На этот раз я поехала с ним и с Оболенским в Рим. И как ни странно, больше всех побуждал меня к этой поездке отец. Он, должно быть, видел, что я временами тосковала, что все, кроме работы для него, казалось мне постылым, скучным. Но и заграница мне не помогла, недаром отец всегда говорил, что от себя не убежишь. Скучно, тоскливо - ищи причины в самом себе.

Приступы тоски повторялись. В такие минуты мне всегда хотелось музыки. Уйдешь в свою комнату, затворишься и поешь песни под гитару, и кажется, что душа твоя оголилась, услышит кто-нибудь - станет стыдно. Иногда я играла на фортепиано, но редко. Концерты в четыре руки навсегда отвратили меня от дилетантского исполнения классиков. Было только две прелюдии Шопена, которые я знала.

Помню, раз после обеда все ушли гулять. Наверху никого не было. Окна в зале были отворены, и слышно было, как, кружась со свистом, под карнизами пролетали ласточки и стрижи. Я вошла в залу и, по сохранившейся еще с детства привычке, как на коньках разогналась по скользкому паркету к желтой этажерке в углу, достала ноты в рябеньком переплете и села за фортепиано.

Было ощущение блаженства в одиночестве, в звуках фортепиано, я чувствовала, как пела у меня мелодия в левой руке и неясные, заманчивые мечты рождались в голове.

- Ах, это ты, Саша? А я шел и думал, кто это так славно Шопена играет.

Я вздрогнула, почему-то ужасно смутилась и покраснела.

- Тебе бы надо учиться, - сказал отец, - у тебя большие способности. Я поговорю с Гольденвейзером.
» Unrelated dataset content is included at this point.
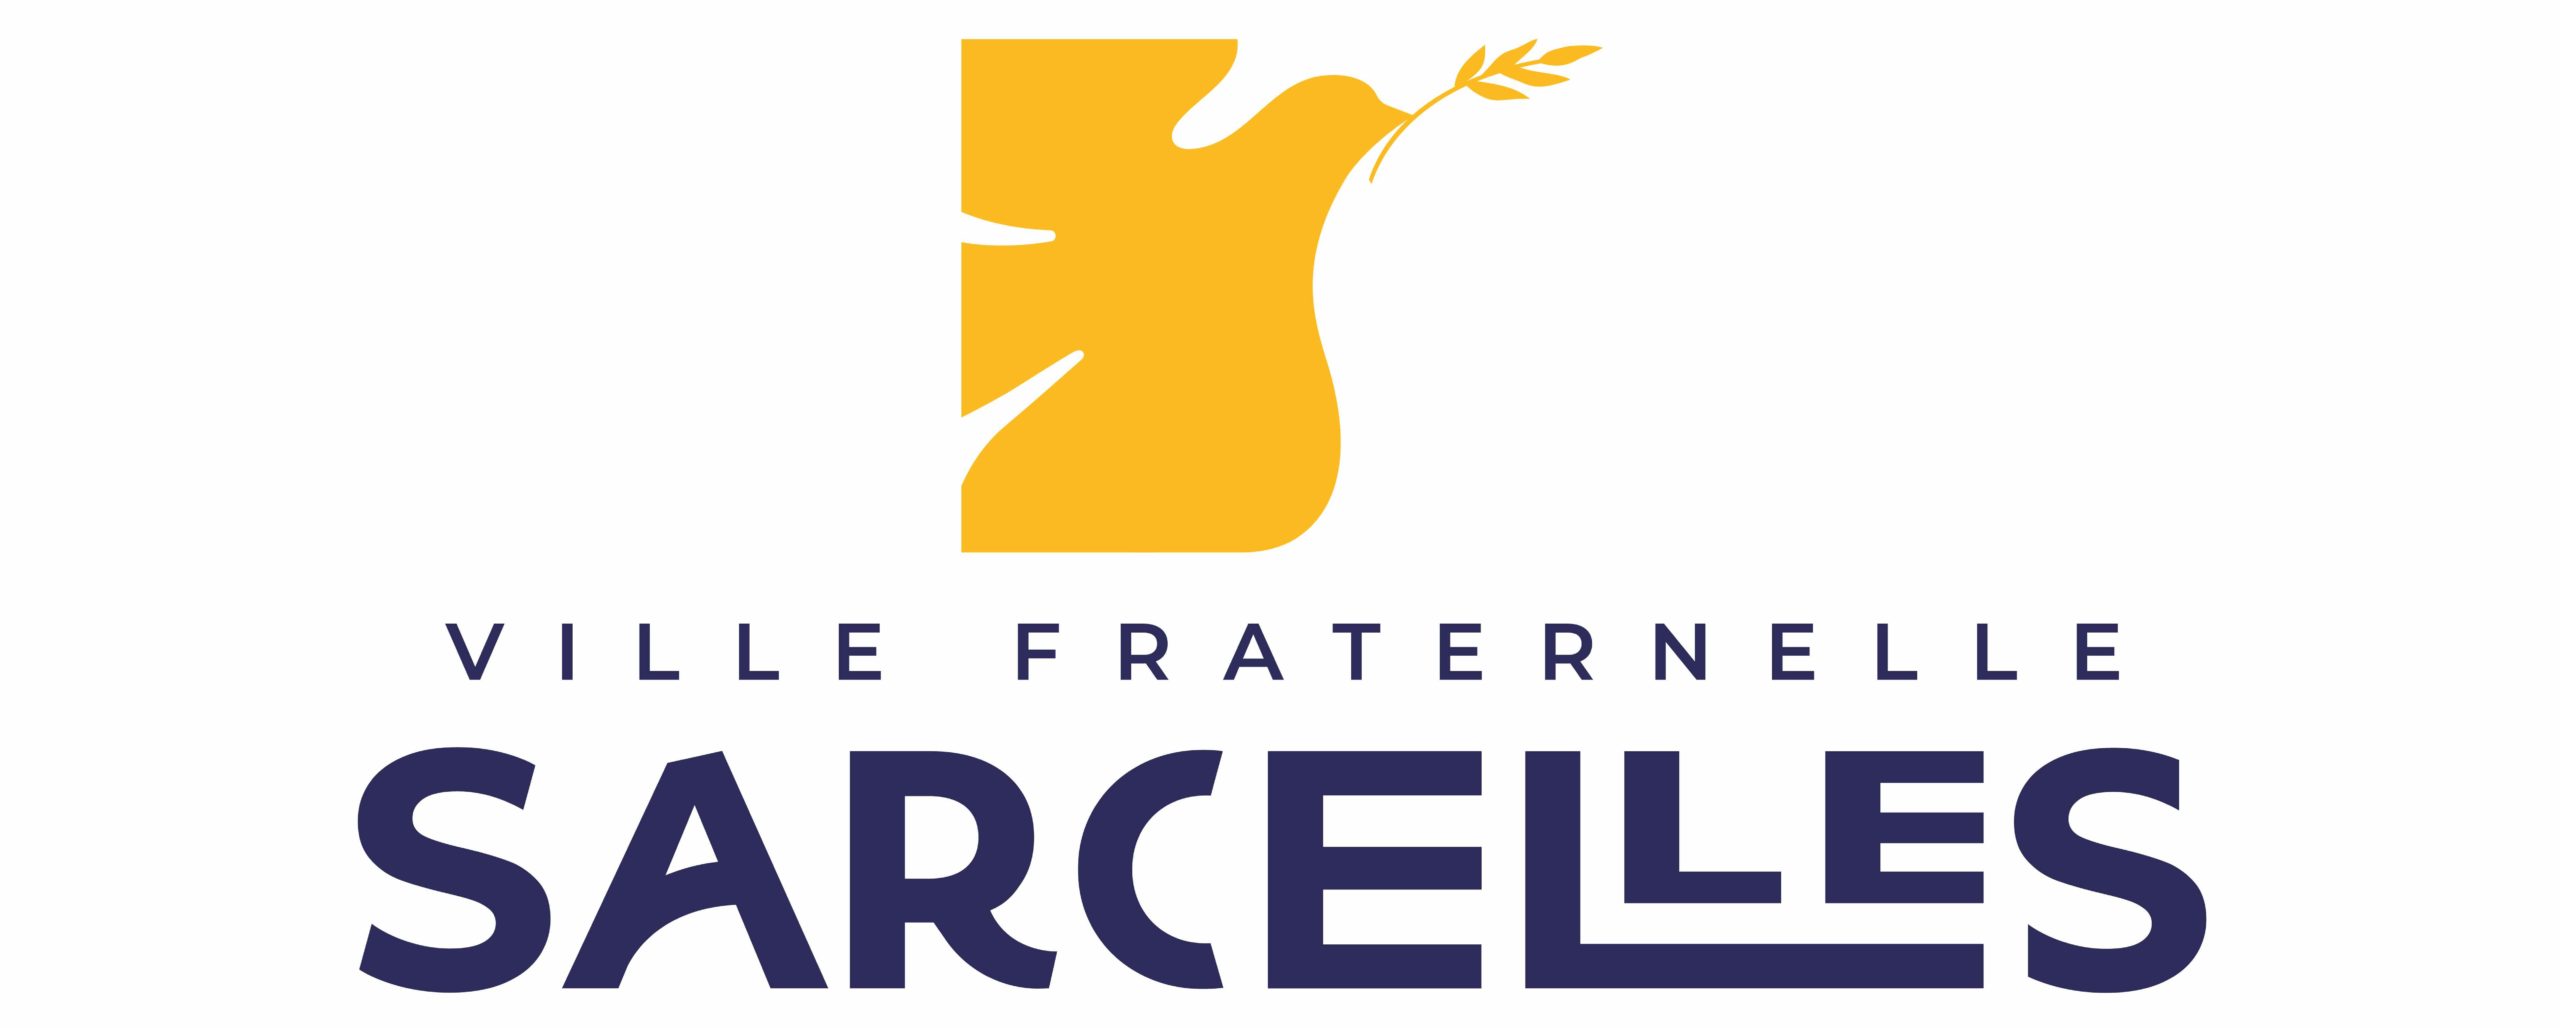 Logo Ville fraternelle sarcelles

Я начала учиться музыке. Первое время добросовестно, часами барабанила гаммы, экзерсисы, аккуратно ездила брать уроки к Гольденвейзеру в Телятинки*, а зимой два раза в месяц в Москву, но постепенно музыка превратилась для меня во что-то необычайно скучное и нудное. Я чувствовала, как своими руками убивала разучиваемые мною незначительные вещи Моцарта, Грига, Баха. Внимание моего учителя сосредоточивалось на технике и точности исполнения. Выученные мною вещи погибали для меня навеки, я начинала их ненавидеть. Кроме того, от усиленных упражнений и работы на машинке у меня стали болеть и пухнуть руки. Я бросила музыку. Другие занятия отвлекли меня.
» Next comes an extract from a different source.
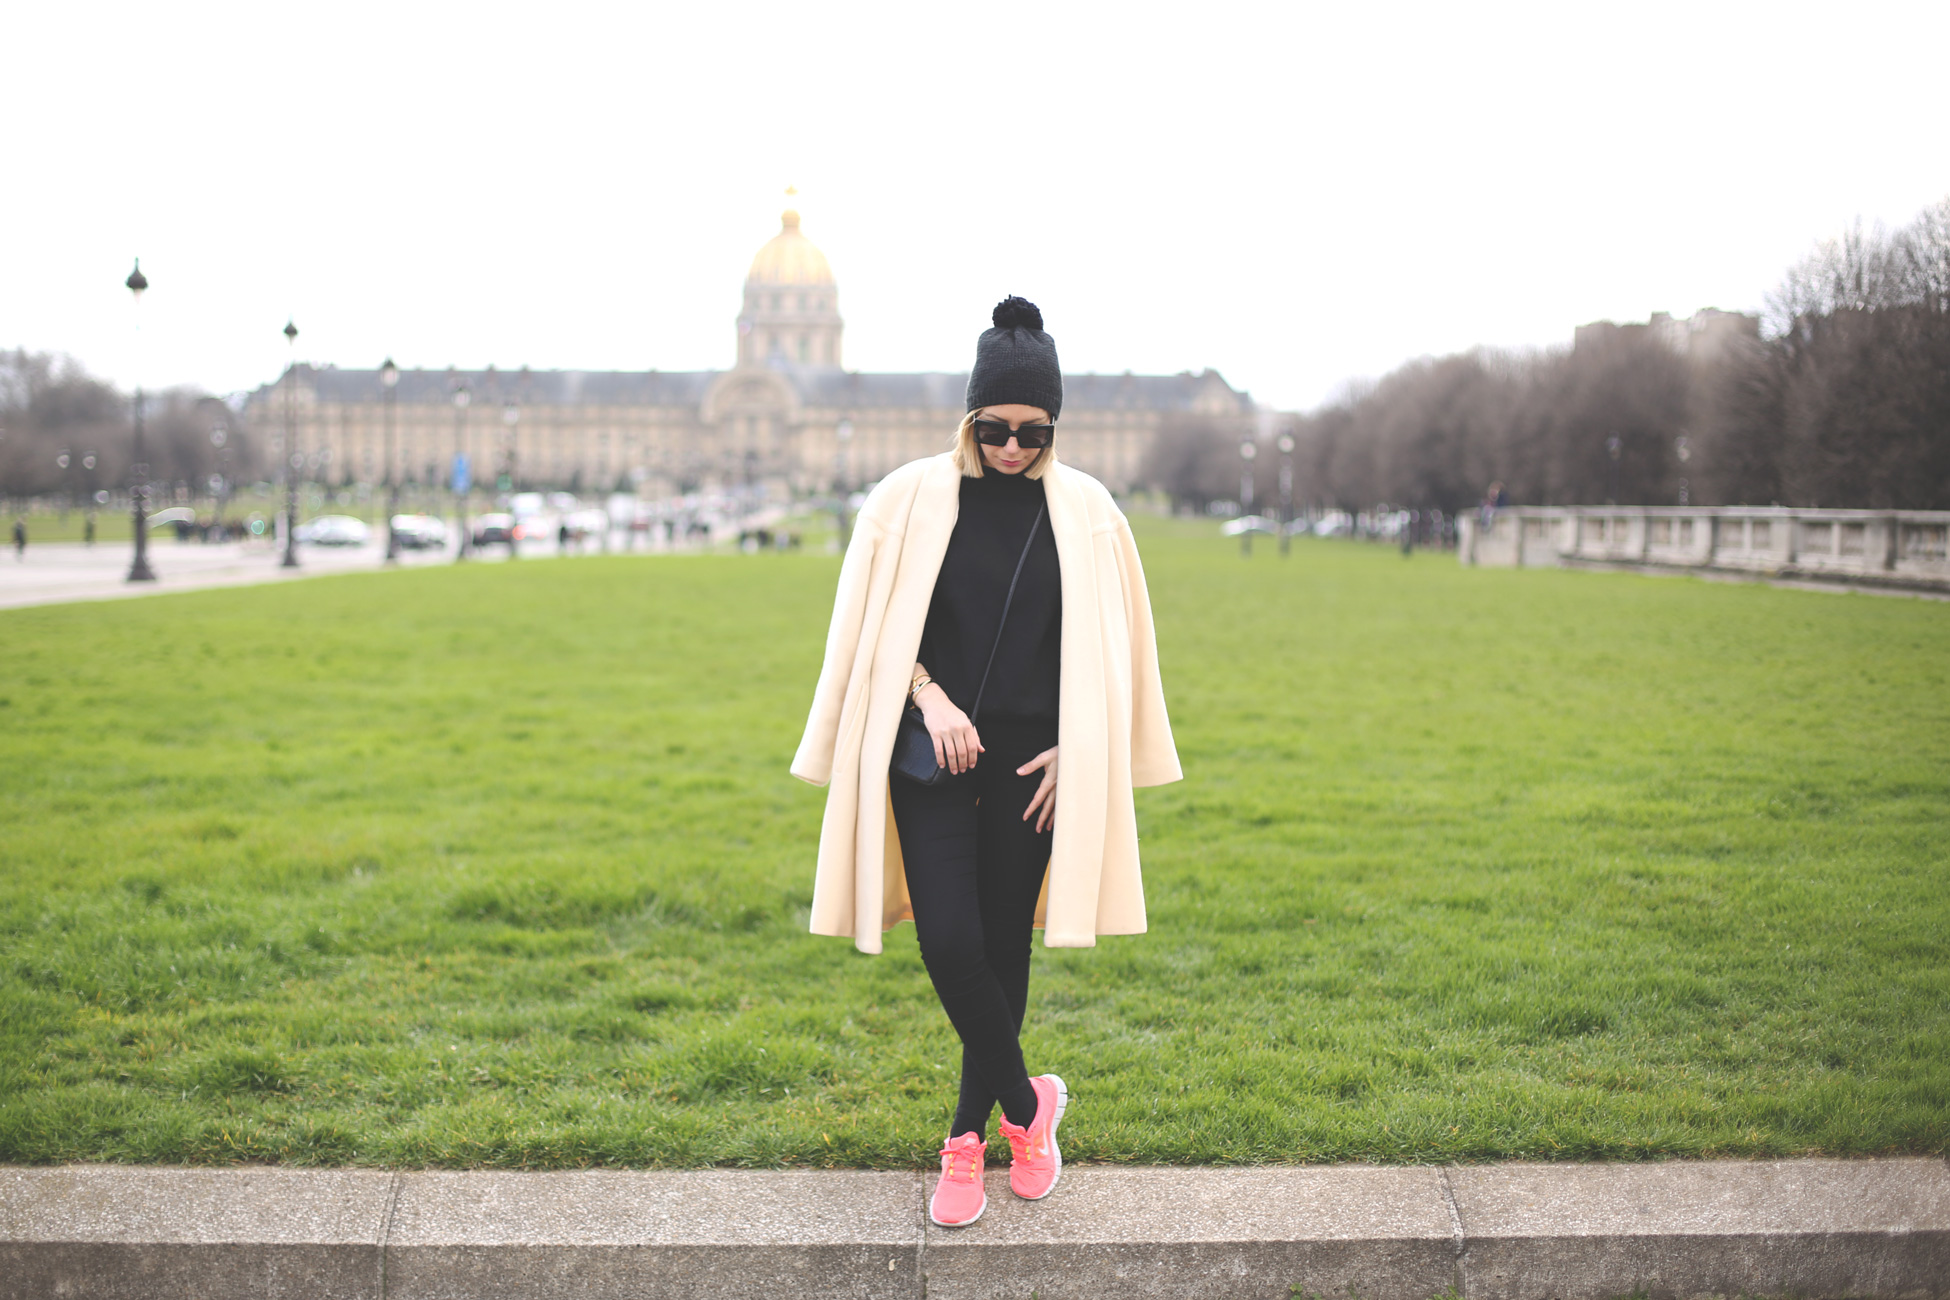 Paris, Travel, Fashion Blogger, blonde, black look, beige coat, beanie, trip look, trend, sneakers, nike,

В Ясной Поляне была очень плохая церковно-приходская школа. В 1891 году сестры учили ребят в так называемой каменке - сторожке рядом со старинными въездными воротами. Еще семилетней девочкой я бегала туда учиться. Но Тульский губернатор Зиновьев предупредил сестер, что, если они не перестанут учить крестьянских детей, ему придется по долгу службы официально закрыть эту школу.